PET has proved to be a powerful tool for diagnosis of dementia (1) and diagnosis and monitoring of brain tumors (2). It can also be used to measure responses to stimuli. Renewed interest in brain imaging is leading to the development of dedicated head scanners with a low cost while still maintaining high sensitivity and spatial resolution.
The NeuroPET/CT is a full-ring mobile brain PET/CT scanner developed by Photo Diagnostic Systems, Inc. (3,4). It is the first-ever dedicated brain PET/CT scanner. Although developed primarily for brain imaging, it can also be used for animal and pediatric imaging. Because all PET data are acquired in list-mode, it is easy to create dynamic sequences and reconstruction. The NeuroPET/CT is self-propelled on battery-powered wheels, such that it can be driven to multiple locations. Because of its mobility and ability to use any standard power outlet, the NeuroPET/CT can be used in a flexible manner. Instead of a motorized bed moving through the bore, as with typical scanners, the NeuroPET/CT moves on treads to collect CT data and can be used with any bed that can be adjusted to the appropriate height. A NeuroPET/CT scanner was installed at Massachusetts General Hospital (MGH) in 2011. After a period of studies on its performance, the scanner is now used for clinical and preclinical research studies. Figure 1 shows a picture of the scanner with major components labeled.
We evaluated the imaging characteristics of the PET component of the NeuroPET/CT scanner using the National Electrical Manufacturers Association (NEMA) standards measurements (5), and with additional phantom, animal, and human studies.
MATERIALS AND METHODS
PET Specifications
NeuroPET/CT was designed to achieve high sensitivity and good spatial resolution. The PET detector consists of 1-cm-long cerium-doped lutetium yttrium orthosilicate crystals divided into modules and blocks. The physical specifications of the NeuroPET/CT are summarized in Table 1, along with specifications for the ECAT Exact HR+ scanner (Siemens), which is currently used at MGH for brain imaging. Event positions are determined using the centroid from the silicon photomultiplier array on each block. Although the offset inner and outer crystal layers will eventually be used to determine the depth of interaction, they are currently treated as a single layer with a single characteristic conversion depth. The 22-cm axial extent of the PET rings allows the human brain to be imaged in a single acquisition.

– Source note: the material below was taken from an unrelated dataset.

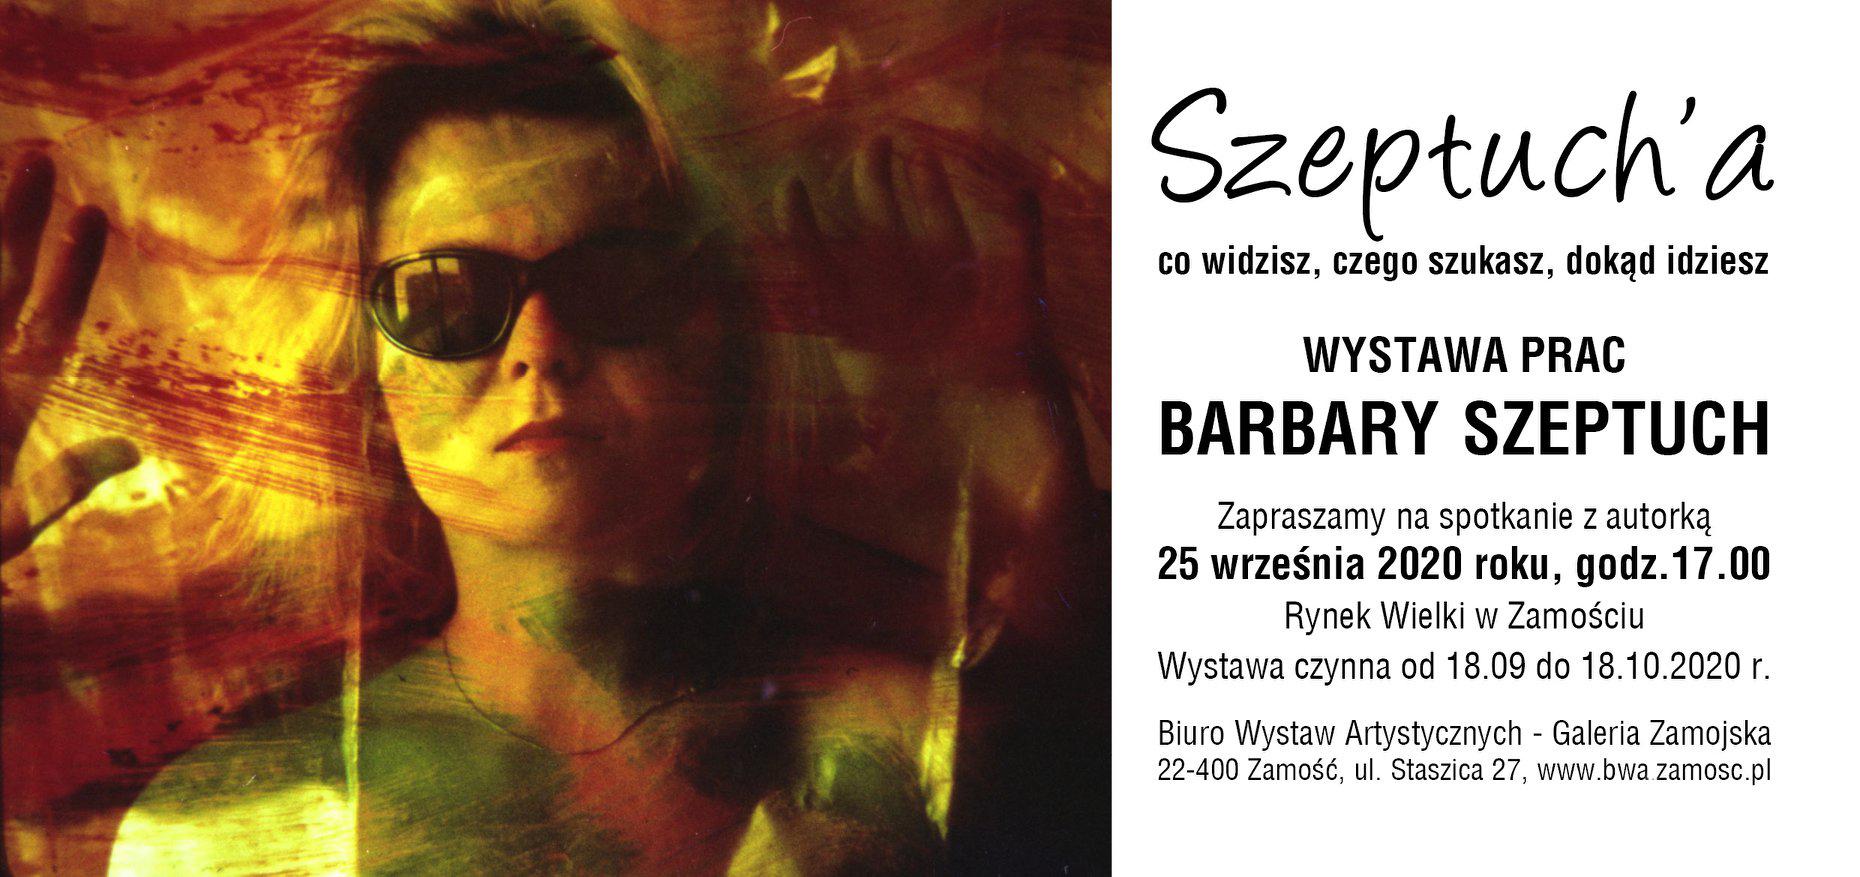 119126922 2513778338922933 7104267819737416909 o BWA Galeria Zamojska zaprasza na spotkanie z Barbarą Szeptuch

PET data are taken in list-mode, and reconstruction software creates sinograms with randoms, scatter, and attenuation corrections for multiple temporal frames. A dead-time correction is applied on the basis of a paralyzable model at the block level. Singles rates for each block are collected every 6 s during an acquisition and used in the dead-time correction. Delayed data used for the randoms correction have offline cuts and live fraction applied before sinogram binning. Smoothing is applied before subtraction from the prompts. Radioactive decay is corrected on a per-frame basis. For scatter correction, the standard single scatter simulation method (6) is used. To correct for inhomogeneity and variations in the coincidence channels (i.e., lines of response), a 2-h normalization scan is taken of a thin (low scatter) 30.5-cm-long annulus with an inner diameter of 27.9 cm and an outer diameter of 29.2 cm filled with approximately 18 MBq of 18F. The data are binned into sinograms, and randoms are subtracted. Normalization data are corrected for differences in the activity distribution and are variance-reduced before being used as a normalization correction during reconstruction. Attenuation correction is done using a low-dose CT scan taken with each PET scan. The bilinear scaling method is used to convert CT images in Hounsfield units to μ values at 511 keV (7,8).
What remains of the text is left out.